The 34 year-old has lived in Perth for the past 12 years, leaving Taipei as the gay and lesbian movement was well underway. Gavin came out at 17 just as the scene was evolving in Taiwan; his family lived just 10 metres away from Funky, one of the first gay venues in the city. He loves Perth and backs it up by stating that he would have moved to the east coast by now if he didn’t.

Yet he believes there is a mood in Perth that does not bode well for gay men of Asian descent. ‘In Perth, the gay and lesbian community, more specifically in the gay community, there is a lot of prejudice towards people of colour… more specifically, if I’m daring enough, gay Asians,’ says Gavin.

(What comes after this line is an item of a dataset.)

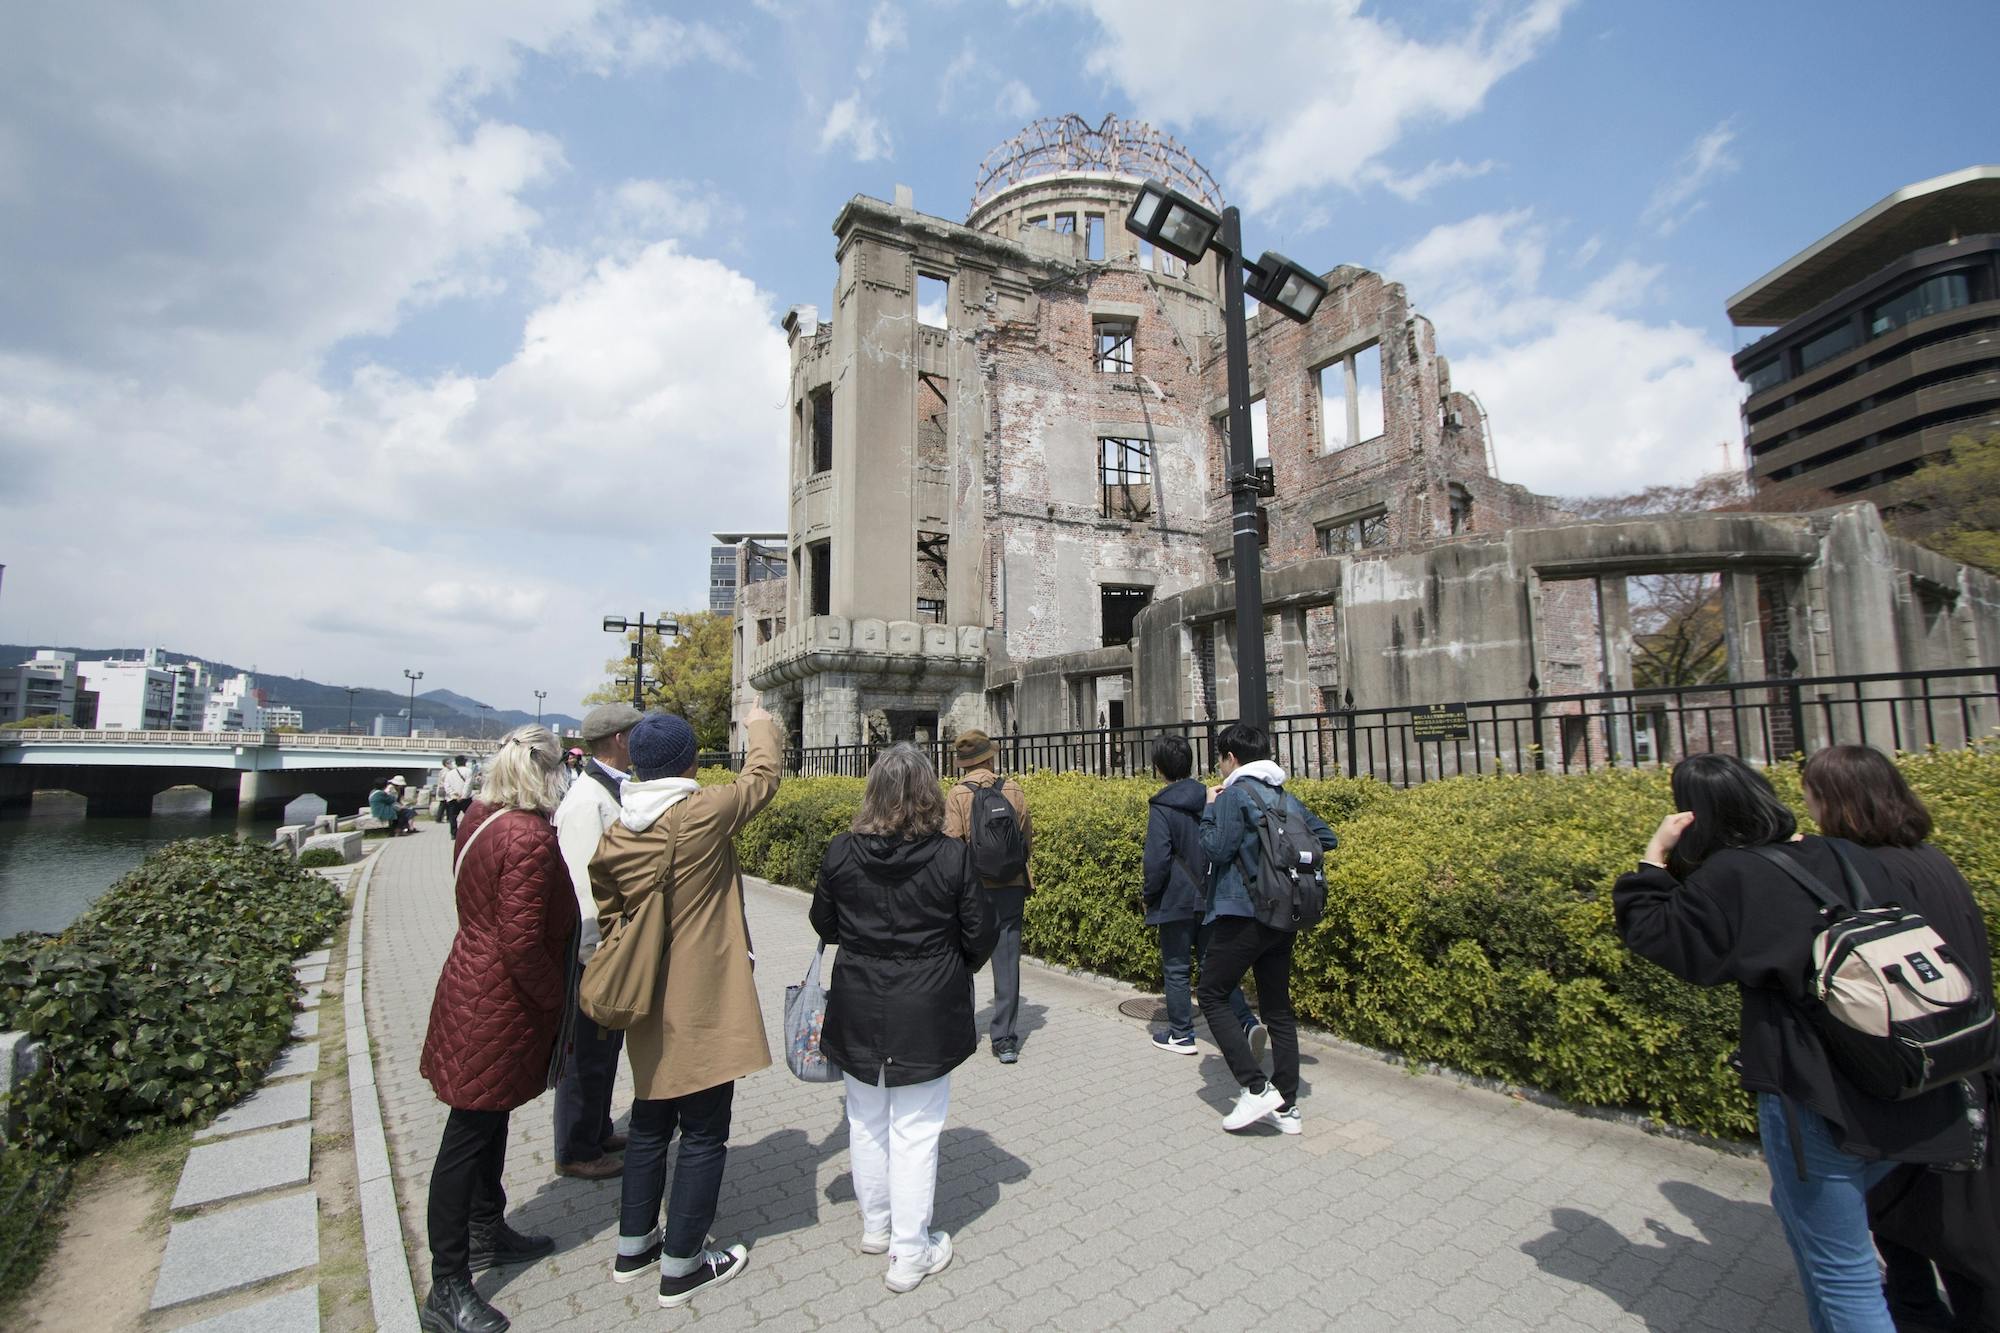 Rundgang zum Friedensdenkmal (Heiwa) in Hiroshima und zu den Weltkulturerbestätten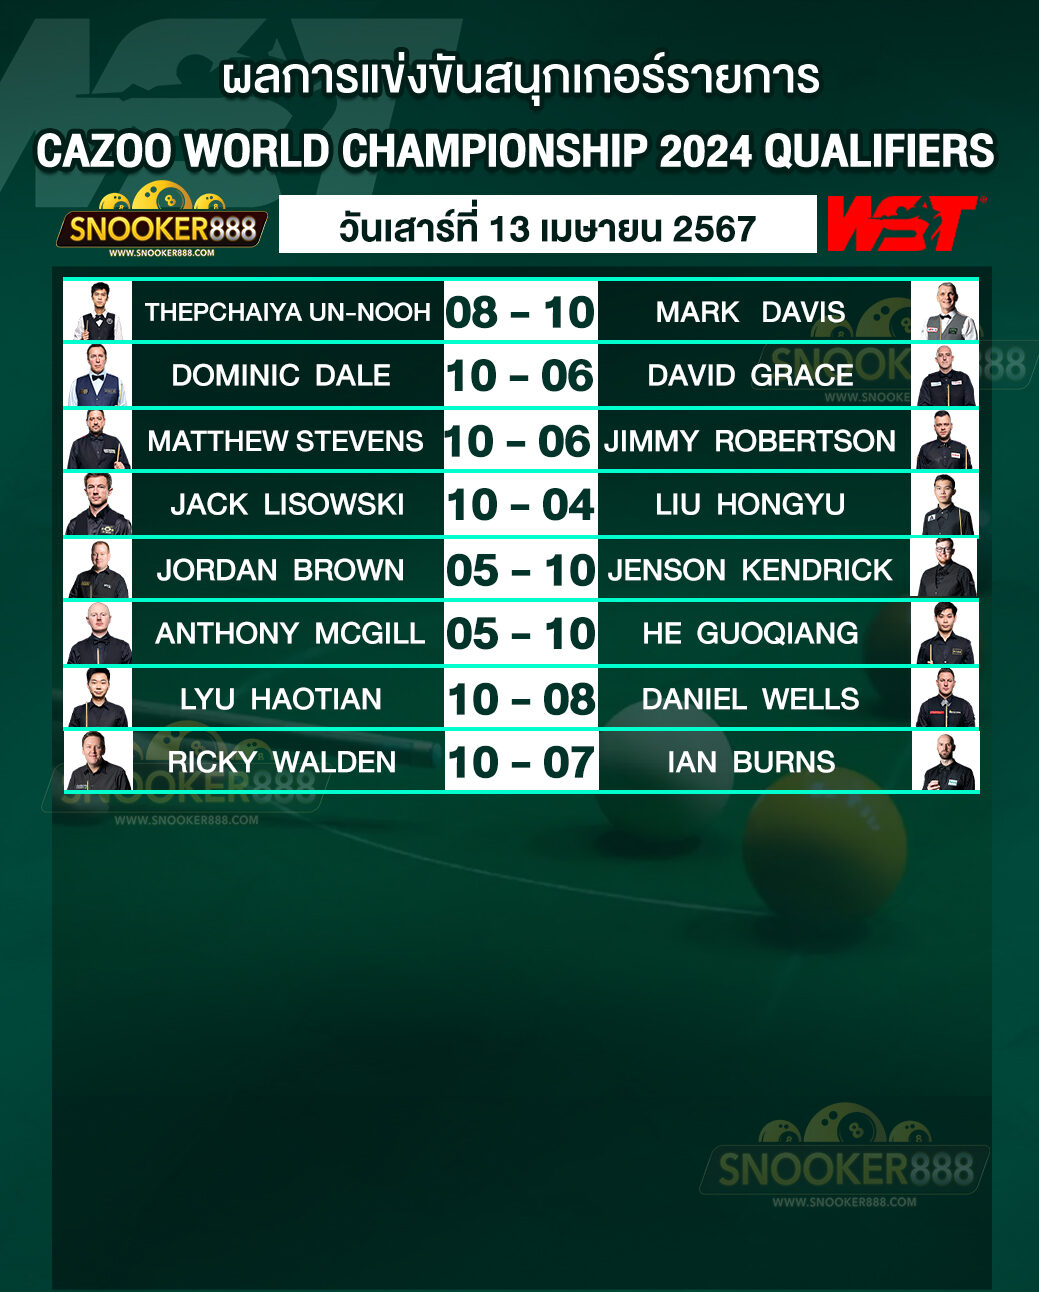 ผลการแข่งขันสนุกเกอร์ CAZOO WORLD CHAMPIONSHIP 2024 QUALIFIERS วันที่ 13 เม.ย. 67

He is not talking about general discrimination per se; it’s more about ‘mate selection’. ‘We don’t really have a presence of a gay Asian community’ he said. Gavin suggests there are a great number of gay men from the region in Perth although the population is largely transient due to the international student population and opportunities on the eastern seaboard.

Gavin himself was drawn to Australia for its focus on the individual. He said ‘from a very young age, I had very valued individuality which is what Australia’s society highly valued’. Sexuality and his heritage played little influence in the scheme of things for Gavin: ‘To me, it does not really matter, I see myself as an individual just like I see everybody else’.